If these two places were “bowl” places before the Romans came (as I feel sure they were), it is only an incident in their history to learn how the Anglo-Saxons rendered them.

Yours, etc.,     
Hereford,Alfred Watkins.
September 23, 1922.

[As this letter raises some important points, the Director of the Survey of English Place-names, Professor A. Mawer, has kindly written the following note upon it:

It would be very difficult, without much more detailed evidence than is given in Mr. Watkins’ letter, to form any just or final conclusion upon his theories. They are based entirely upon the modern forms, and quite apart from any other difficulties which might be raised about Mr. Watkins’ views, it makes one rather uneasy that in the only one of his names for which I know of an ancient form, viz. Bowls Barrow in Wiltshire, the early evidence is in direct contradiction of them.

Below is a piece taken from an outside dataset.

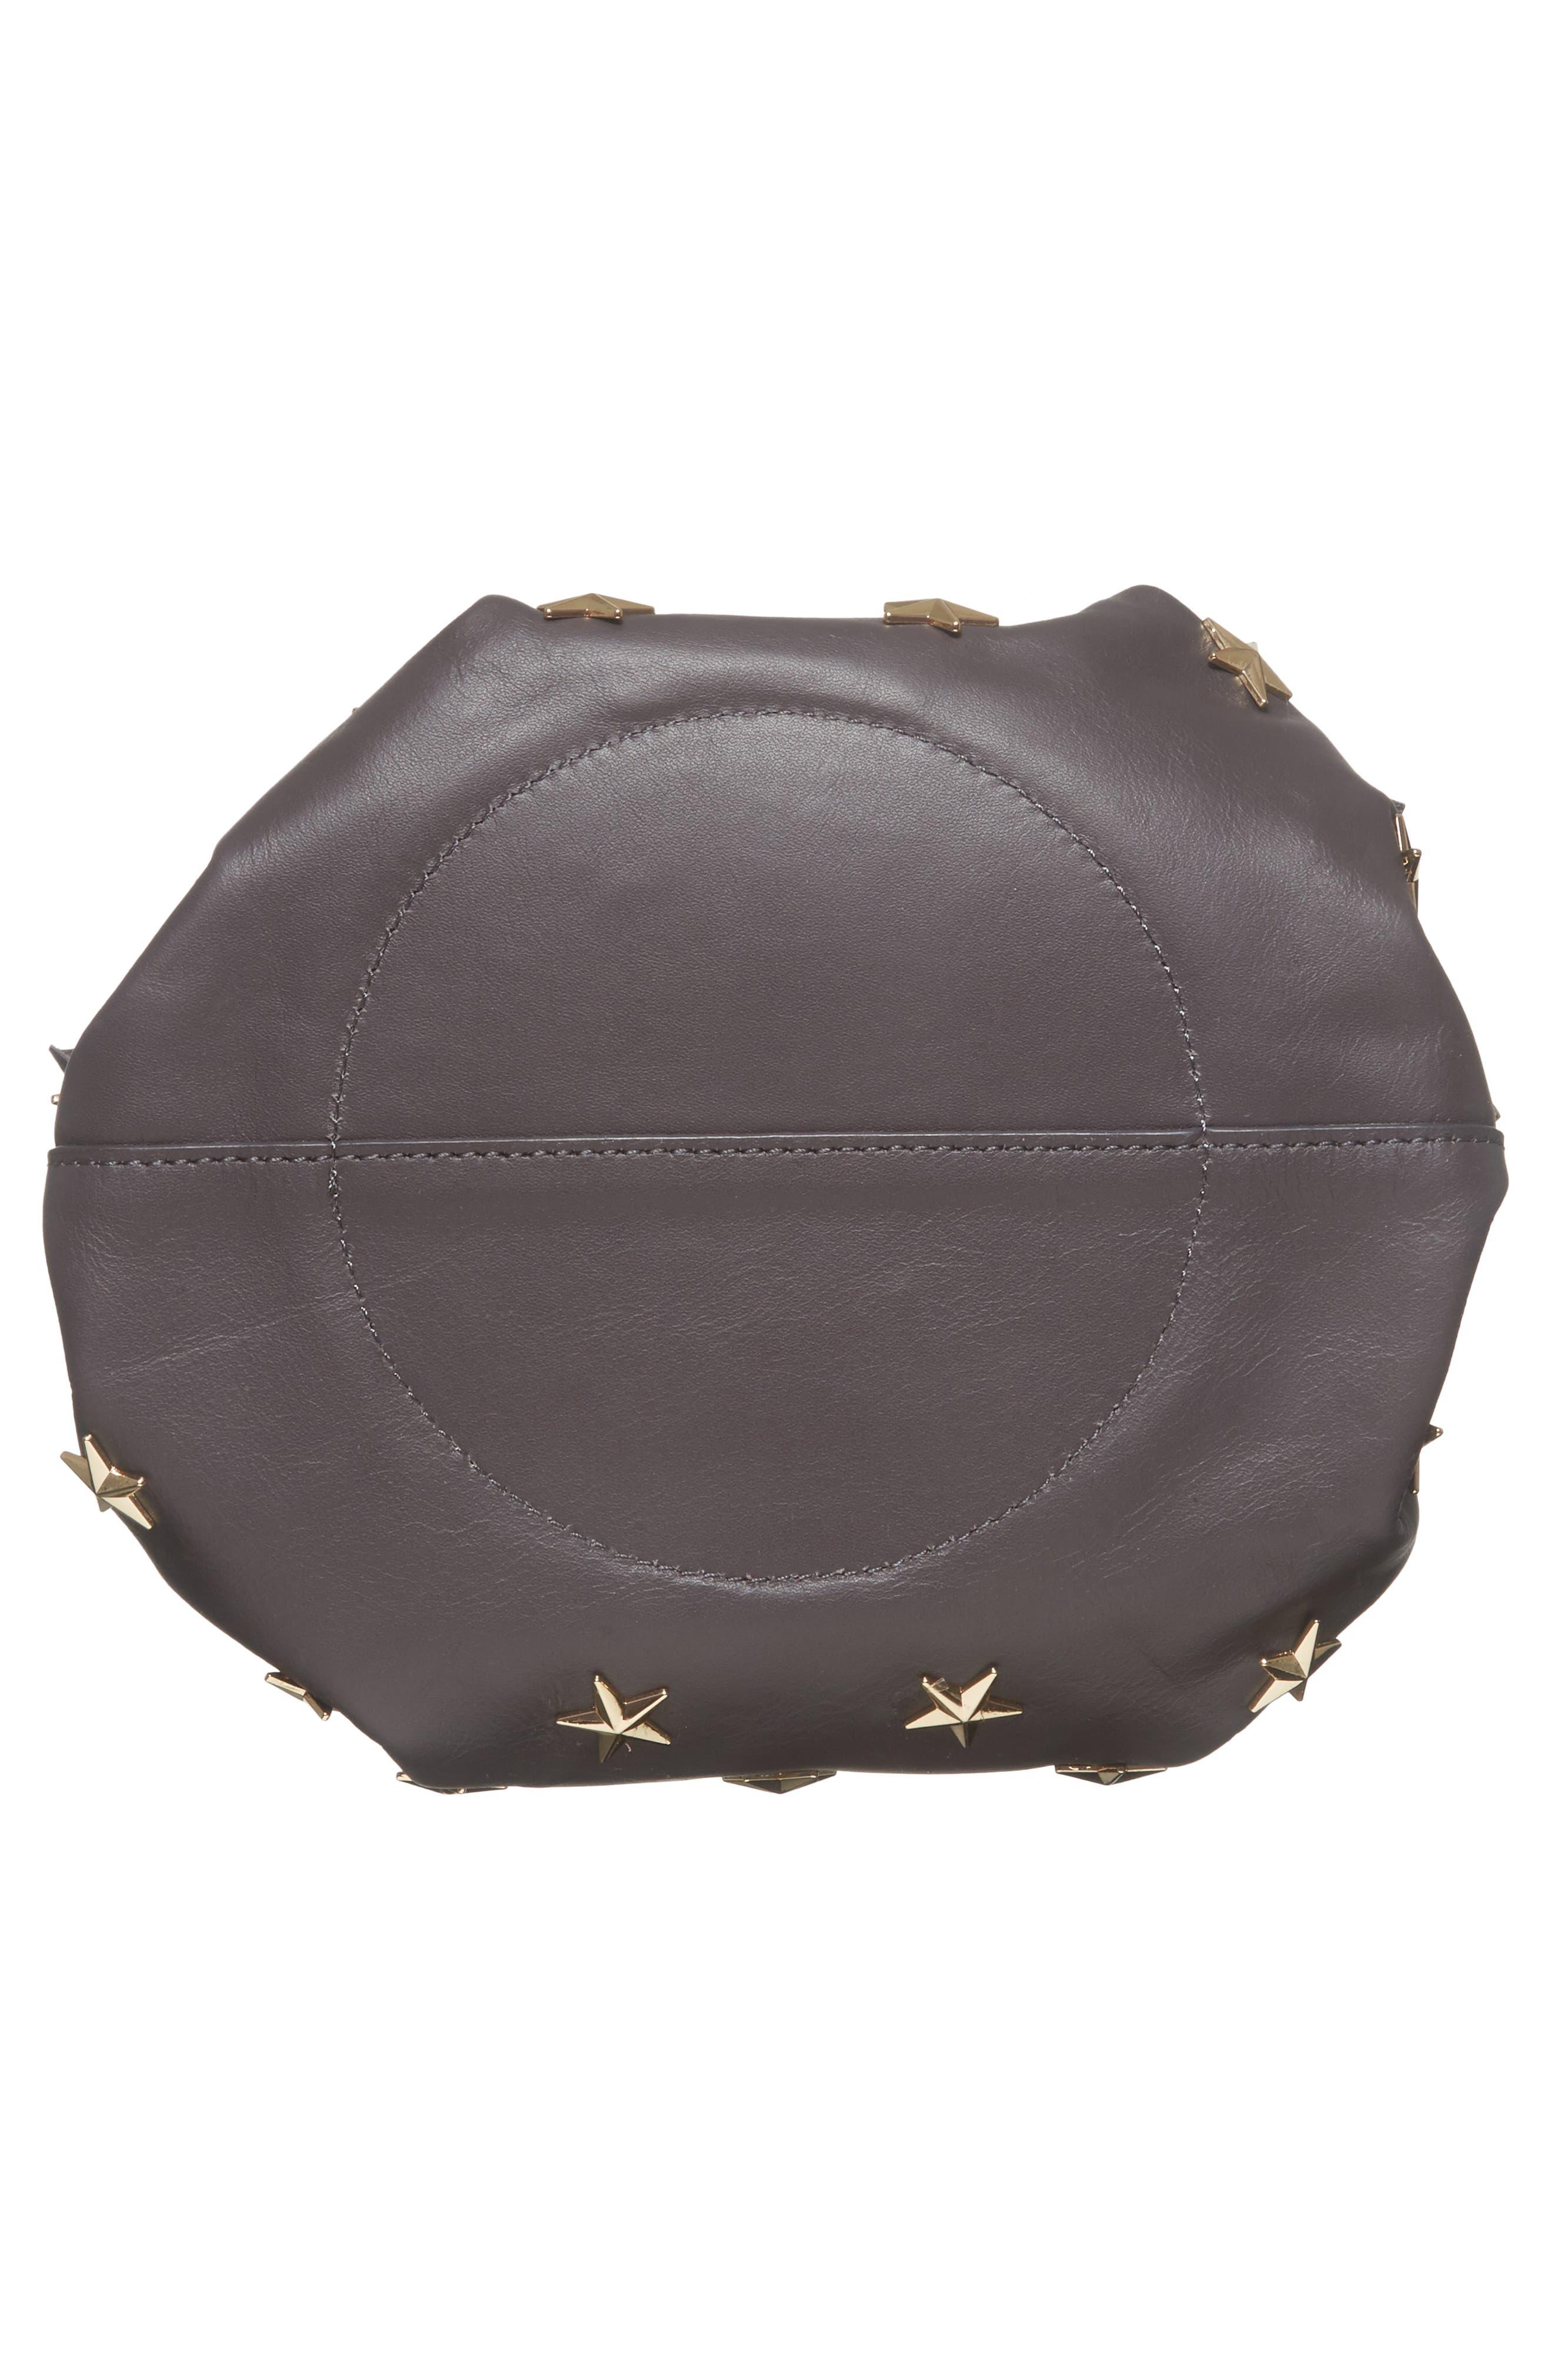 Soirée Star Stud Leather Crossbody Bag,                             Alternate thumbnail 6, color,                             020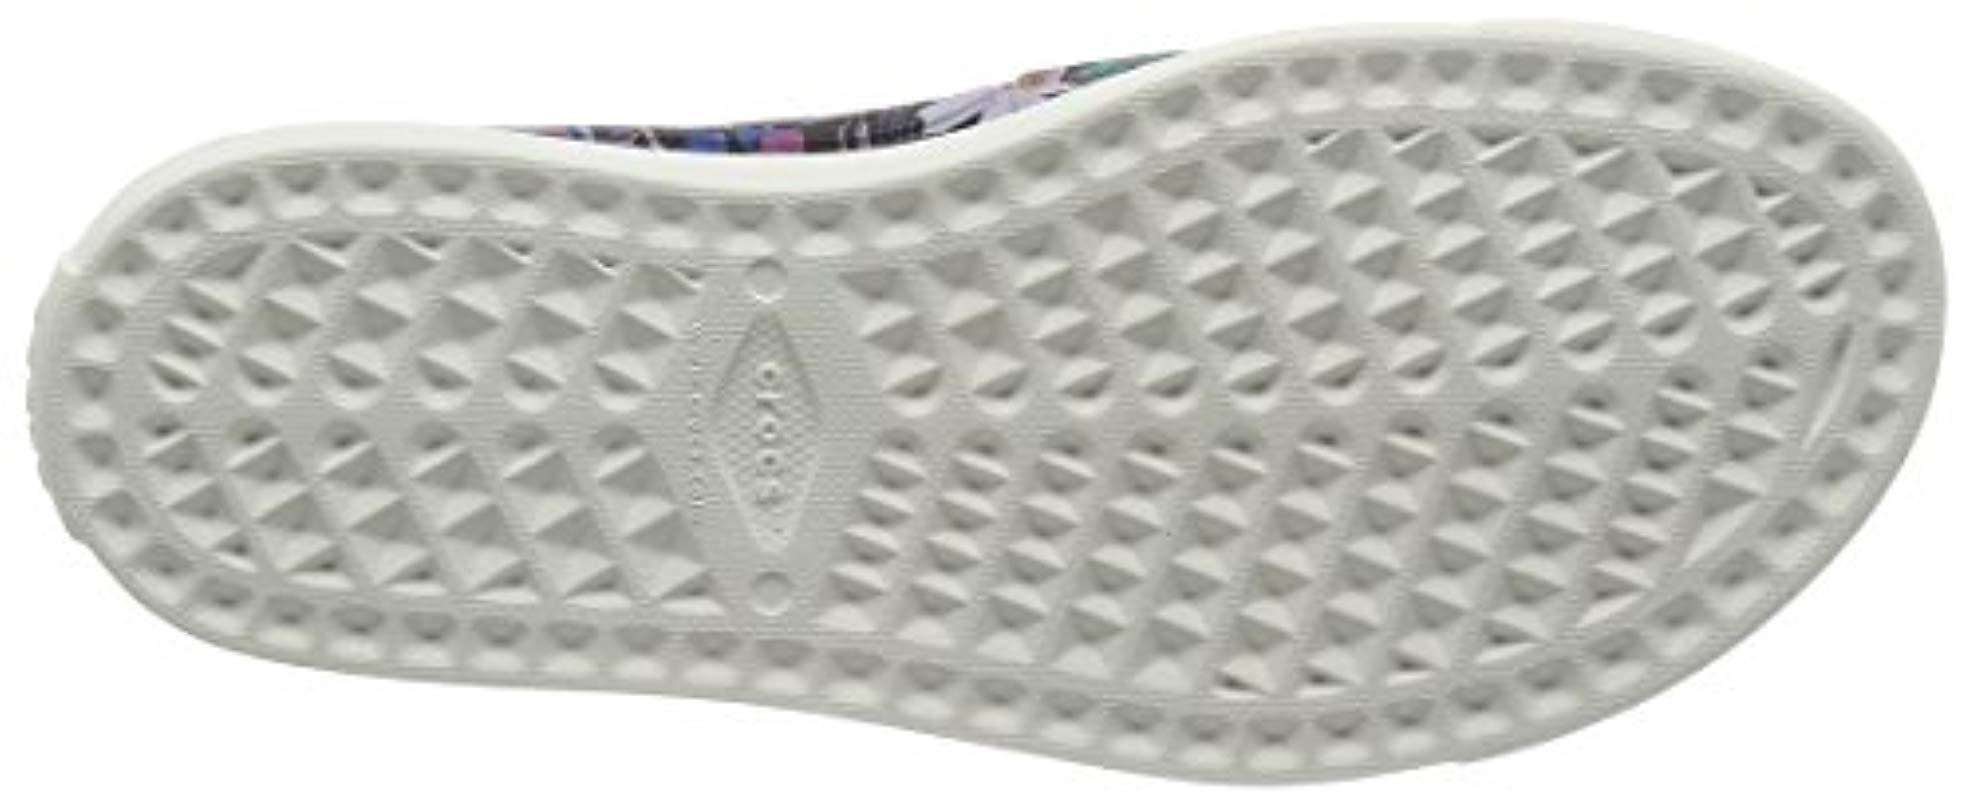 86fe31b8da69d Crocs™ - Multicolor S Citilane Roka Graphic Slip-on Low-top Sneakers -.  View fullscreen

The barrow is mentioned in a Saxon Charter (Birch no. 1215) preserved only in a fifteenth-century transcript (the identification is due to Dr. G. B. Grundy), and the form is bodelusburge. The first element is obscure, but it is clear that it has no connection with any word bowl or bole which Mr. Watkins postulates for the explanation of his series of names.]

 

Source info: MS note by AW “Discovery Nov 1922”.